There’s too much happening to file. 12 Years A Slave begins in 50 minutes. My video files of the Redford-Chandor interview are still converting to mp4 so I have to leave the computer at the inn. A possible interview with Blue Is The Warmest Color girls might happen around 10 or 10:30 tonight…maybe. I’ll just have to file stuff late.

Slow On Lost Pickup

I’m enraged…okay, irked to hear that people at yesterday’s screening of J.C. Chandor‘s incontestably brilliant All is Lost were giving it three stars out of five. Or were going “yeah, pretty good but not amazing” or words to that effect. “I think some people just weren’t prepared for it,” a cinematographer friend told me last night. She means they were a bit thrown by the almost total lack of dialogue and the fact that it’s all Redford, all the time — i.e., no other characters. There hasn’t been a more or less dialogue-free film that has delivered this effectively in I don’t how long. (The Artist doesn’t count — different animal.). Trust me, All Is Lost is not falling short at the Telluride Film Festival — it’s the audiences. But what can you do? You can’t get out the stick and order people to be more perceptive. Their aesthetic dispositions are their own affair. They either get what they’re seeing or they don’t.

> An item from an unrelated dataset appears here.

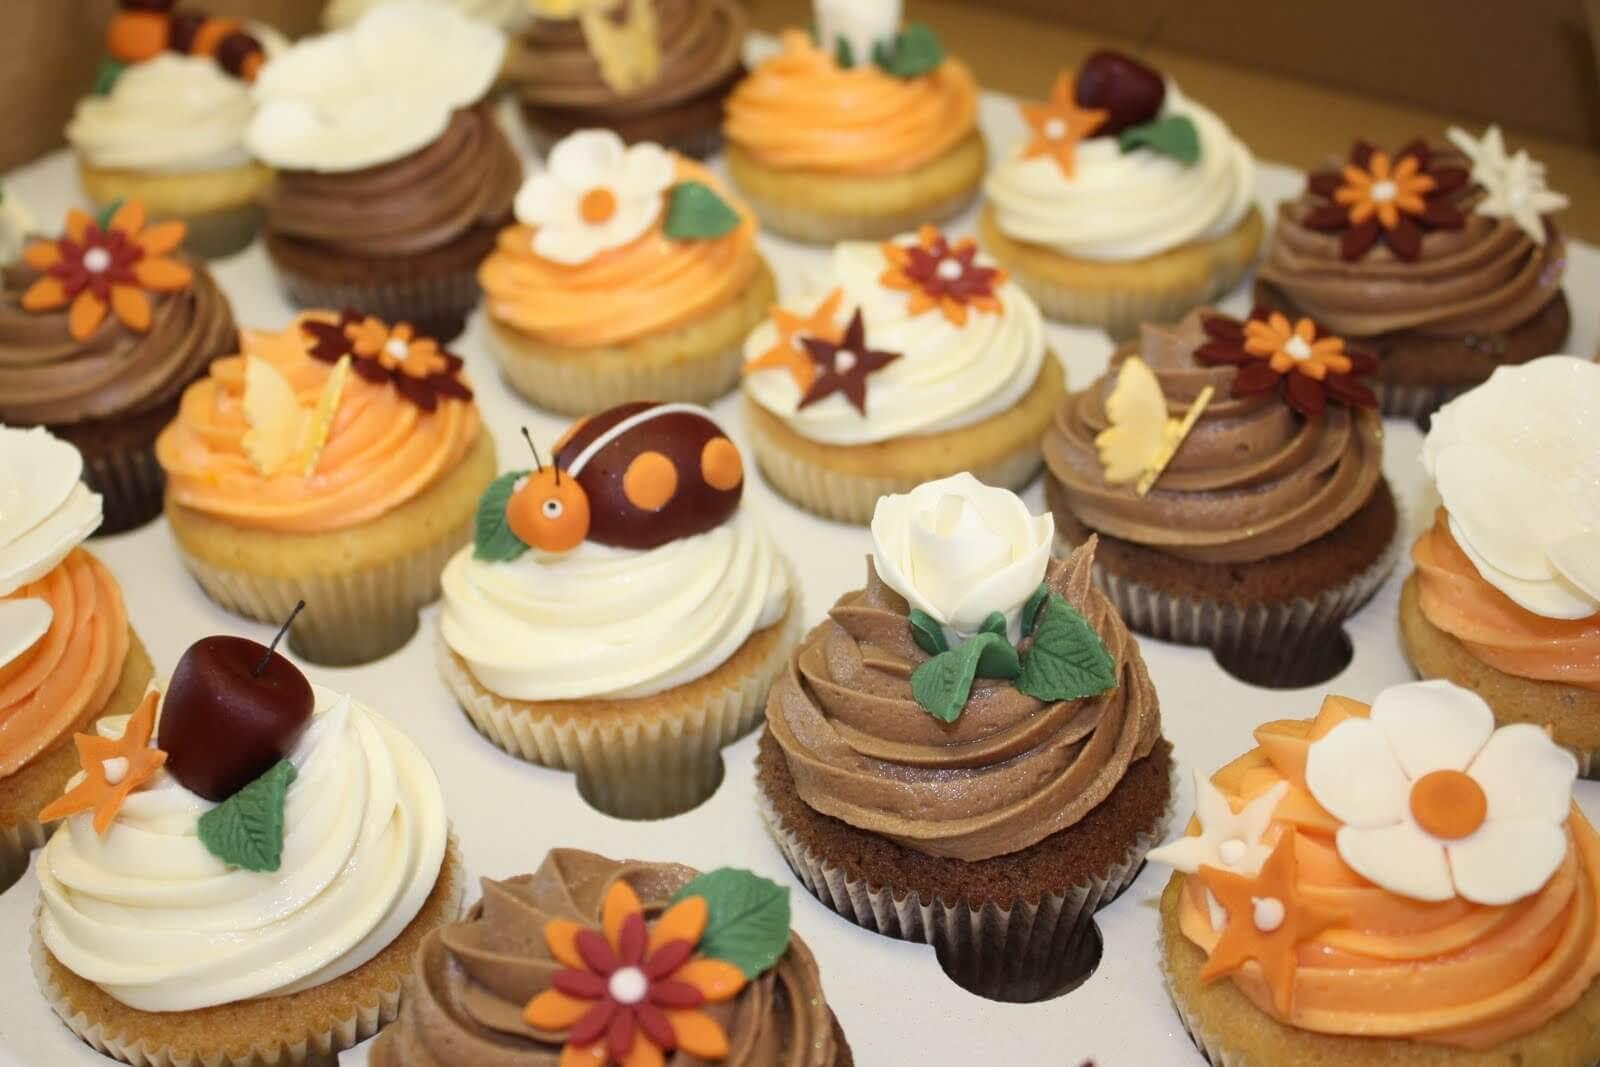 25 Fabulous Autumn Fall Cupcakes  29 Fall Themed Cupcakes for This Season

Some Get Stoned, Some Get Strange

Film buffs who go to festivals like Telluride have been more or less trained like poodles to sit up on their hind legs and go “yap! yap!” whenever a new Coppola comes along and makes a film. Gia Coppola, director-writer of the occasionally irksome but mostly decent Palo Alto, is the latest recipient of this largesse. My attitude is that talented filmmakers deserve respect and allegiance, even if their paths have been paved by family connections. And it has to be acknowledged that The Latest Coppola has delivered a pretty good film here. Or at least one that I felt more or less okay with when it ended.

I talked things over with three or four colleagues after it ended, and we were mostly agreed with Gia Coppola shouldn’t be penalized for being the granddaughter of Francis because her work is certainly above-average.

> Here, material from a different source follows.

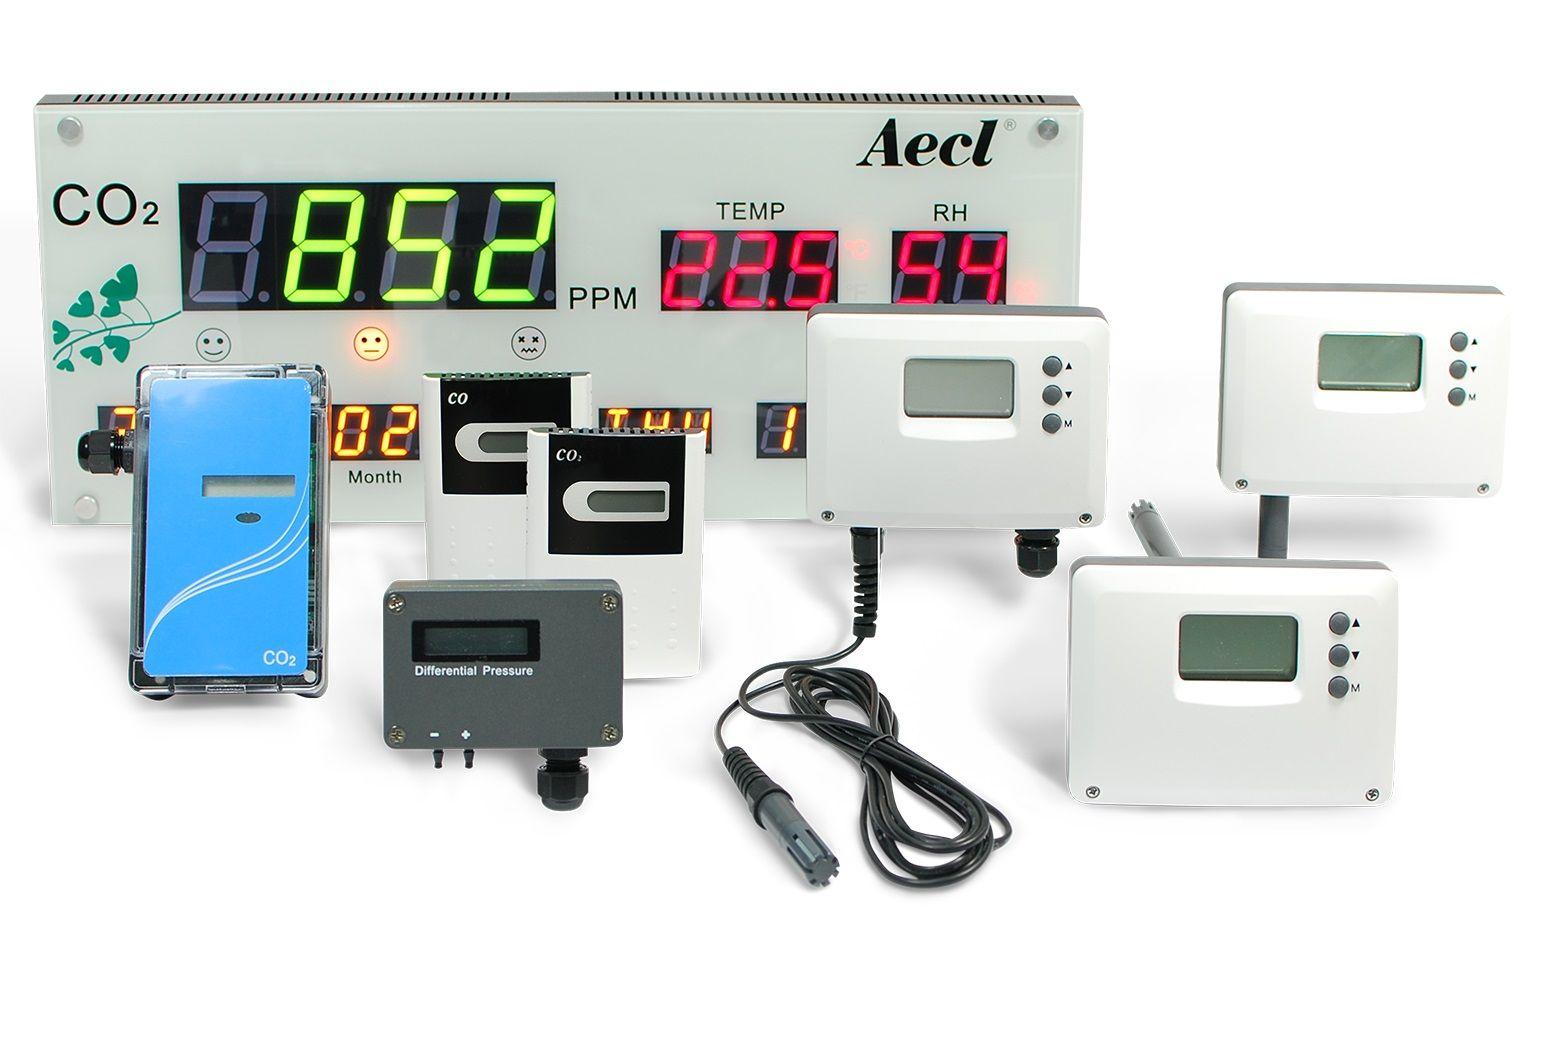 Dispositivos para monitoramento e controle ambiental

Based on producer and costar James Franco’s same-titled short story collection, it’s basically about a demimonde of Northern California teens revelling in vacant nihilism and coping with the tug of nascent adulthood. In that sense it sometimes feels boring as shit because most teenagers — hello? — are boring as shit to hang with. I knew that when I was 17 even and I really know that now. Teenage males, in particular. All but worthless, not into anything, hormonal dogs, booze-swilling, to some extent self-destructive…go away and come back when you’re 29 or 30.